I started walking around and monitoring my irrigation system and noticed a pretty bad leak coming from one of the sprinklers. I started digging around the base of the sprinkler and found where the leak was coming from. It's outlined in the photo







I tried to replace it with the same exact parts but as you can see from the original picture things didn't quite line up which is probably why it eventually broke underground....

Below is the picture where i replaced the broken part but i cannot get it to screw in because of the misalignment...



1. Was this even setup correctly in the first place? Is it okay to connect the pvc elbow to the PVC T using cut off risers?
2. Anyone have any recommendations i feel so close but i cannot get the cut off risers to screw in...


----------



## g-man (Jun 15, 2017)

Is the T feeding another head? The main water comes from the bottom elbow, right?

If that's the case, then I think someone added the T after the fact and that's why all the crazy connections.

I would redo this correctly using pvc glue and no riser connections.


----------



## behrygood1982 (Oct 23, 2020)

g-man said:


> Is the T feeding another head? The main water comes from the bottom elbow, right?
> If that's the case, then I think someone added the T after the fact and that's why all the crazy connections.


Didn't check but i'm pretty sure you are correct that the bottom one is where the water comes from since the pipe connection to the T connection is heading into the direction of 2 more sprinkler heads.



g-man said:


> I would redo this correctly using pvc glue and no riser connections.


1. So your saying i could just remove the risers all together and instead just keep the same overall structure but use pvc pipes and glue instead?

2. Got any good resources you can recommend on doing sprinkler repairs for beginning and learning for stuff like this?


----------



## dj80d (Nov 15, 2020)

you need a half inch 90 slip by slip then a half inch slip x slip x thread tee then add you half inch nipple riser cut the threading off of one end glue all together. if you can do a half inch slip tee then it would be easier than with the threaded tee


----------



## FlowRider (Apr 7, 2019)

If that was what I found in my sprinkler system, I would just dig a big enough hole to fix it right.

Whoever tried to fix it before did a half-hearted (I'm being kind) attempt at fixing the problem.

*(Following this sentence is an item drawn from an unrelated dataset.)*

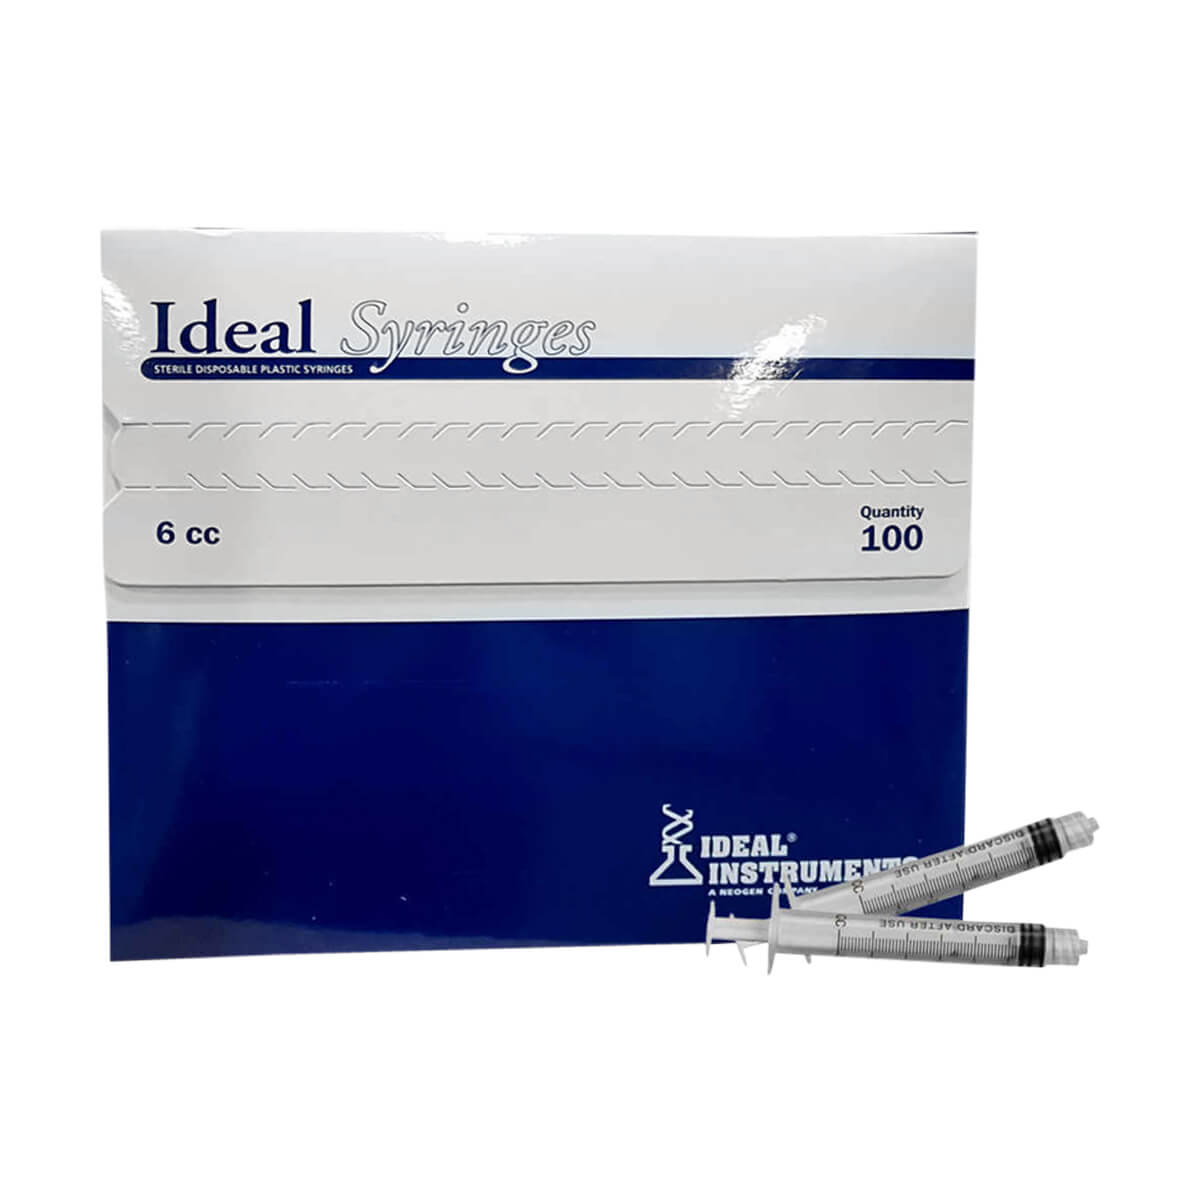 Disposable Syringes 100 pack - 6cc

PVC is inexpensive and is very easy to cut, glue and install correctly. Tear it all out, fix it correctly.

I would start by putting a straight coupler on the supply pipe and extend it first, then glue in all new.

The only threaded connection should be for a flexible riser - everything else should be glued pipe.

Whoever did that botched repair should have to wear jackass ears until after Christmas, next year!

Blow it all up, and start over. Never have to fix it again. Return the other parts. Profit.... :gum:


----------